Fibre connectivity/latency
Consider the availability of diverse high-speed on-site fibre cross connects. Basic public connectivity solutions will generally not be sufficient for HPC systems, so look for providers that have specialised connectivity solutions, including direct access to fibre.
While the HPC platform may be working well, what if the link between the organisation or the public internet and the colocation facility goes down and there is no capability for failover? As many problems with connectivity come down to physical damage, such as cables being broken during roadworks, ensuring that connectivity is through multiple diverse connections from the facility is crucial.

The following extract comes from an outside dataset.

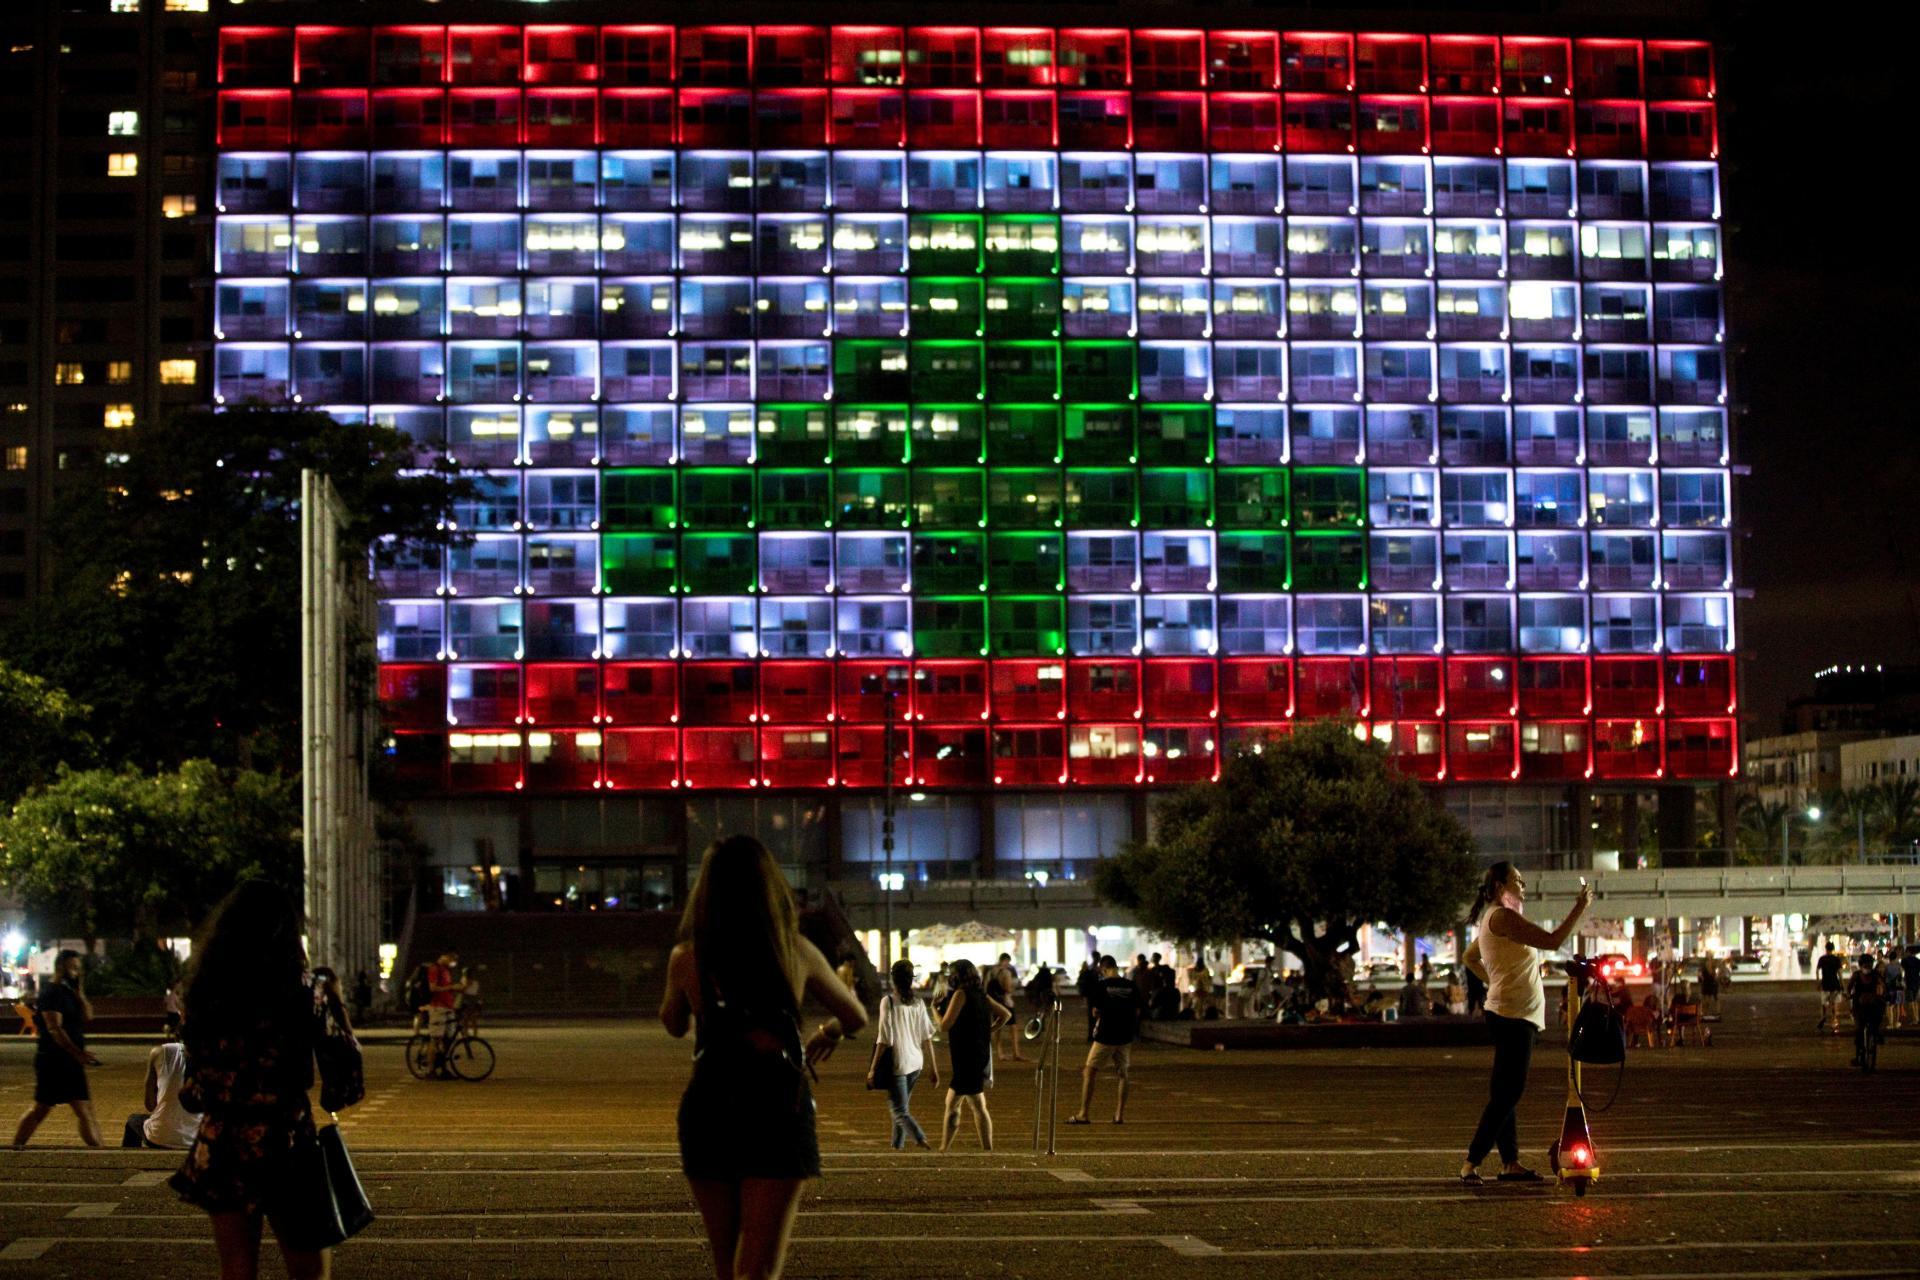 Tel-Aviv, ville voisine israélienne, pays qui est pourtant officiellement en guerre contre le Liban, a illuminé la façade de la mairie aux couleurs du drapeau libanais.
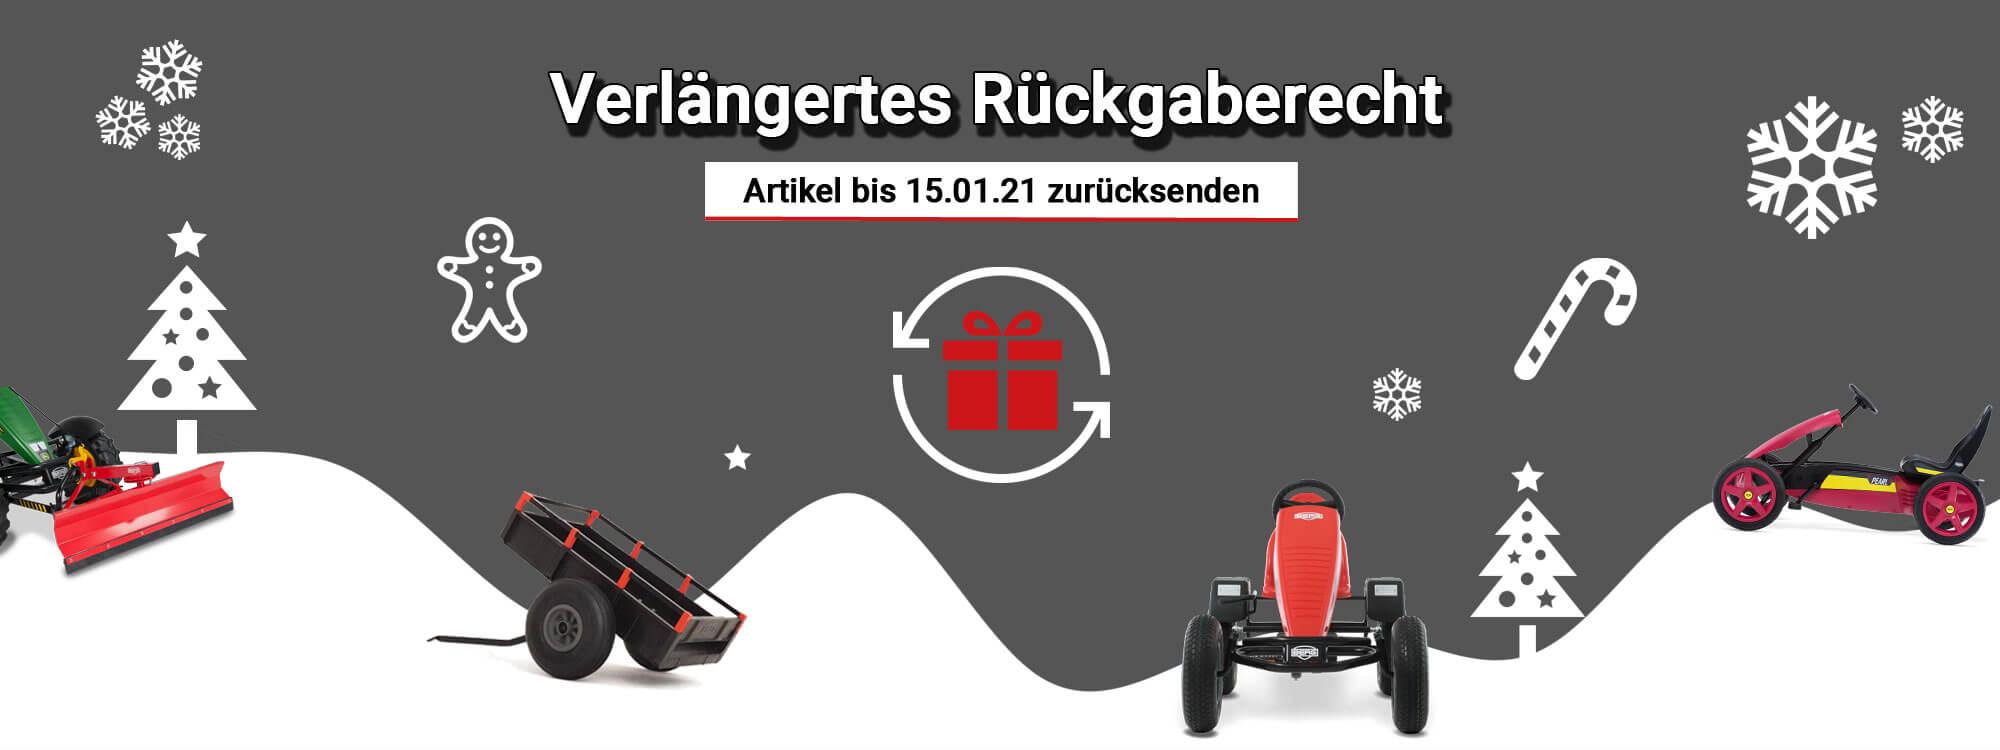 Verlängertes Rückgaberecht - Weihnachten - gokart-profi.de

Other areas where a colocation provider should be able to demonstrate capabilities include specialised connections to public clouds, such as Microsoft Azure ExpressRoute, AWS Direct Connect and specialised networks such as Jisc/Janet. These bypass the public internet to enable more consistent and secure interactions between the HPC platform and other workloads the organisation may be operating.
Location
The physical location of the data centre will impact directly on rack space costs and power availability. In the case of colocation, there are often considerable differences in rack space rents between regional facilities and those based in or around large metro areas such as London.
Perhaps of more concern to HPC users, most data centres in and around London are severely power limited and relatively low in power capacity. The Grid in the South East is creaking and potential upgrade costs to bring more power to locations are astronomical. Out of town facilities are not facing such challenges. Fortunately, the ever-decreasing cost of highspeed fibre is providing more freedom to build modern colo facilities much further away from metro areas but without incurring the latency issues of old.
In summary, most HPC users have so far taken the on-premise route, but will now struggle with increasing costs and the challenges of obtaining more power to site, operating complex cooling, and ensuring the duplicated plant environments that critical services require.
Those considering colocation solutions as an alternative must thoroughly evaluate the ability of their potential data centre providers to offer facilities which are truly fit-for-purpose. NGD, for example, has a permanent presence of on-site consulting engineers and is geared to tackle custom HPC builds.